– А у вас есть? – спросила девушка.
   Анатолий прищурился, деловито оглядывая противоположный: склон, нанёс очередной мазок на бумагу и честно признался:
   – Я, собственно говоря, имел в виду как раз себя.
   – Так вы самокритичны, – удивилась девушка. – А я думала – художники о себе чрезмерно высокого мнения.
   – Зазнайство свойственно только молодым и дуракам, – улыбнулся он. – Со временем это проходит.
   Они просидели около часа. Говорил в основном Анатолий, она молчала. Он не смотрел прямо в её сторону, однако краешком глаза улавливал каждое движение тела, каждое выражение лица. Вот она вытянула ноги вперёд, прислонившись боком к глыбе, – та помогала ей сохранять равновесие, – затем покосилась на его этюд. На лице её появилась усталость.
   – Я не наскучил вам своими разговорами? – не поворачиваясь к ней, спросил он.
   – Мне бы хотелось уйти, – призналась она и, подогнув вновь ноги под себя, сначала встала на колени, потом, оттолкнувшись плечом от глыбы, поднялась. – Я очень прошу вас больше не приходить сюда. Этот уголок – единственное место, где я, не стесняясь людей, могу проводить время. И если вы появитесь здесь ещё хоть раз, вы лишите меня последнего и единственного убежища.
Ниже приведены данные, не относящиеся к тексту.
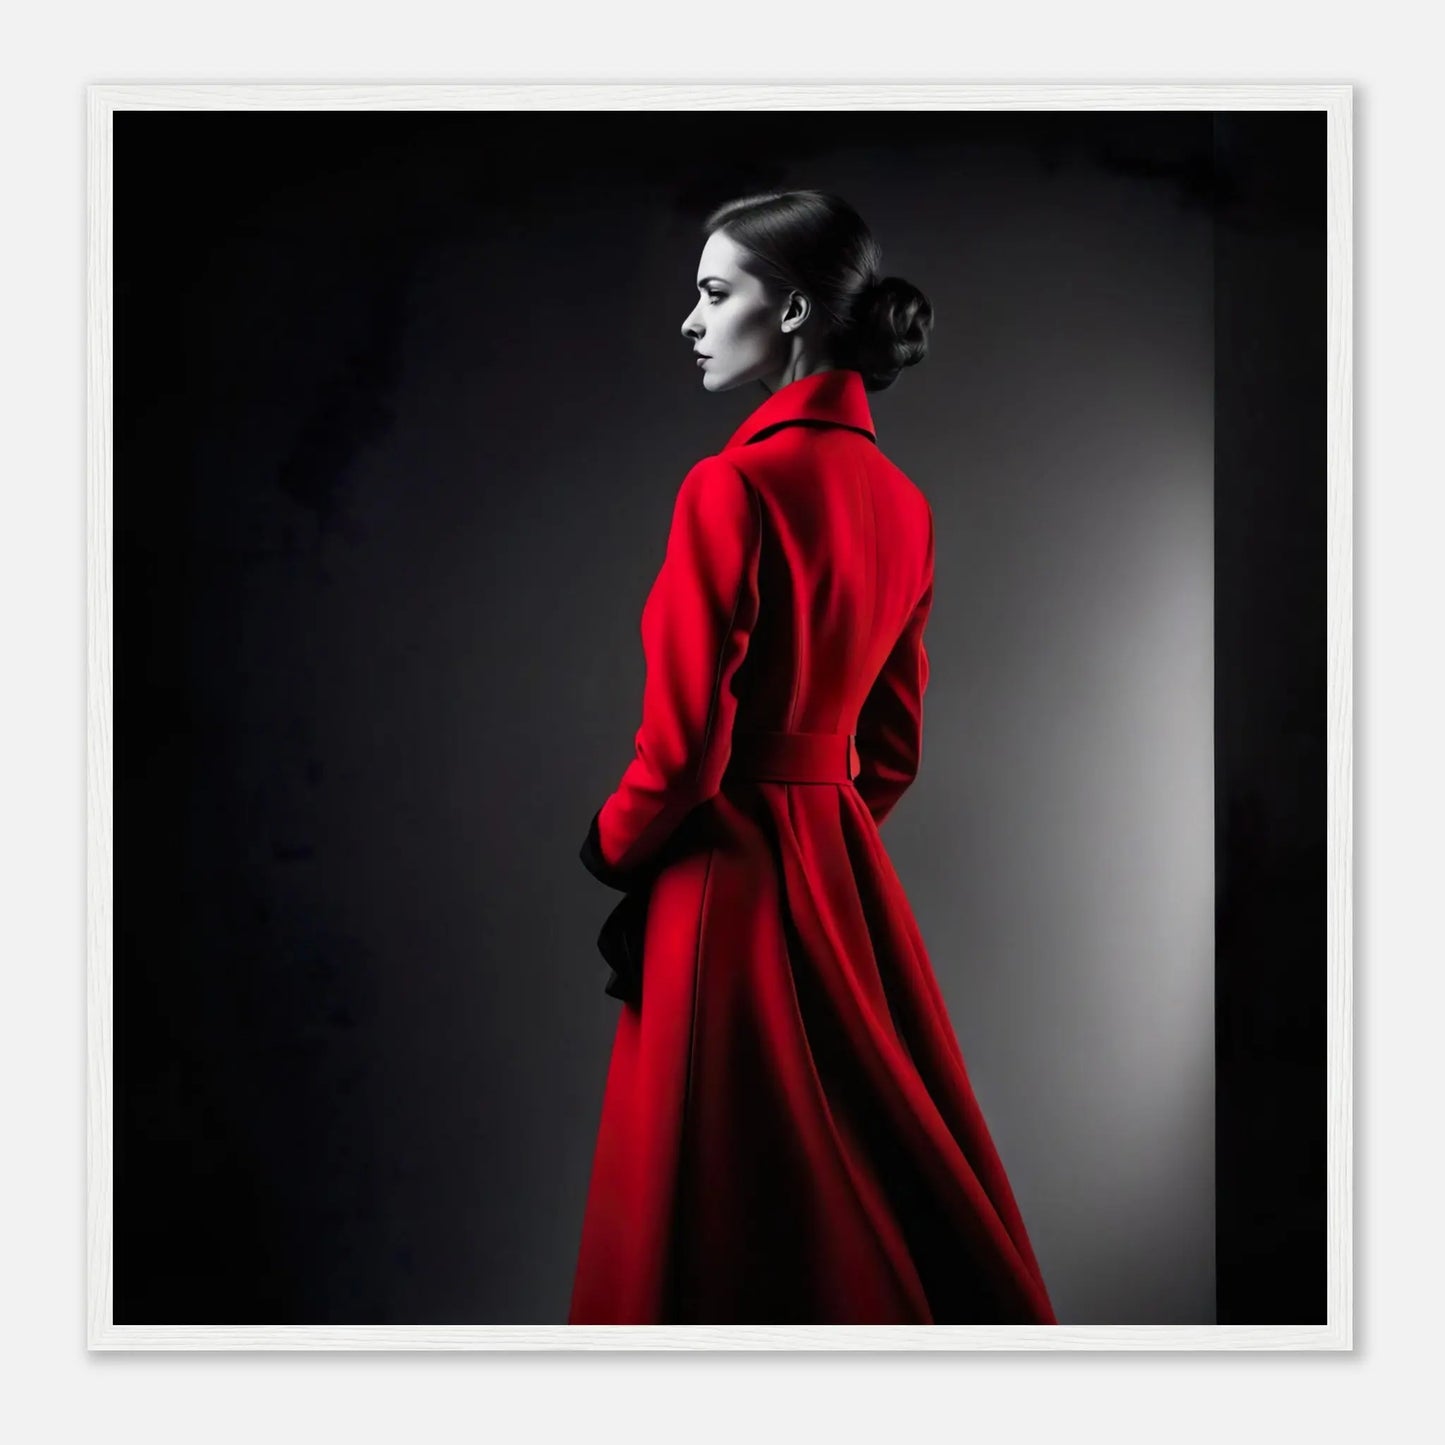 Gerahmtes Premium-Poster - Frau im roten Mantel - Schwarz-Weiß, KI-Kunst - RolConArt, Schwarz-Weiß mit Akzentfarben, 70x70-cm-28x28-Weißer-Rahmen

   Она стояла перед ним тоненькая, хрупкая, лёгкий ветерок дул ей в лицо, отбрасывая волосы назад, мягко огибал её фигурку, трепеща лёгкой тканью платья и неестественно откидывая пустые рукава. Ветерок, как невинное дитя, не сознавая горечи и трагедии, скрываемой в них, забавлялся ими и был вполне доволен.
   – Хорошо, я не приду больше, – твёрдо проговорил Анатолий, глядя в печальные синие глаза.
   – Не смотрите мне вслед, – попросила девушка на прощанье и, повернувшись, направилась к тропинке, скрытой ближайшими кустами.
   Анатолии отвернулся и, взяв кисть в руки, решил закончить этюд, но работа больше не двигалась. И хотя он не показывал вида, но был глубоко поражён ее беспомощностью. Представив себя на её месте, он понял, что в таком положении мир потерял бы для него самое главное – способность вносить свою лепту в окружающее, строить, перекраивать его согласно своим мыслям, способностям, силе. Вынужденно стать его пассивным созерцателем, не соприкасаясь с ним своей созидательной силой – это невыносимо тяжело для деятельной натуры.
   Анатолий долго сидел на песке, в задумчивости уставившись в одну точку.
* * *
   Он исполнил просьбу девушки и не появлялся больше на берегу озера. Но на следующее утро, когда она как обычно подошла к своему месту и осторожно выглянула из кустов, чтобы убедиться, что вокруг никого нет, на её лице вдруг засветилось удивление: рядом с глыбой, где обычно сидела она, лежала русалка, греясь на солнце и мечтательно глядя в небо. Рыбий хвост непринуждённо затих на песке, круглые нежные бёдра прикрывала золотистая чешуя. Две красивые ручки запро-кинулись за голову, длинные волосы разметались по ним и по песку.
   Поражённая девушка вышла из-за кустов и осторожно направилась к необыкновенному созданию, движимая любопытством и удивлением. Она шла к милому существу, так безмятежно и непосредственно занявшему её место, и улыбалась впервые за два последних мучительных года.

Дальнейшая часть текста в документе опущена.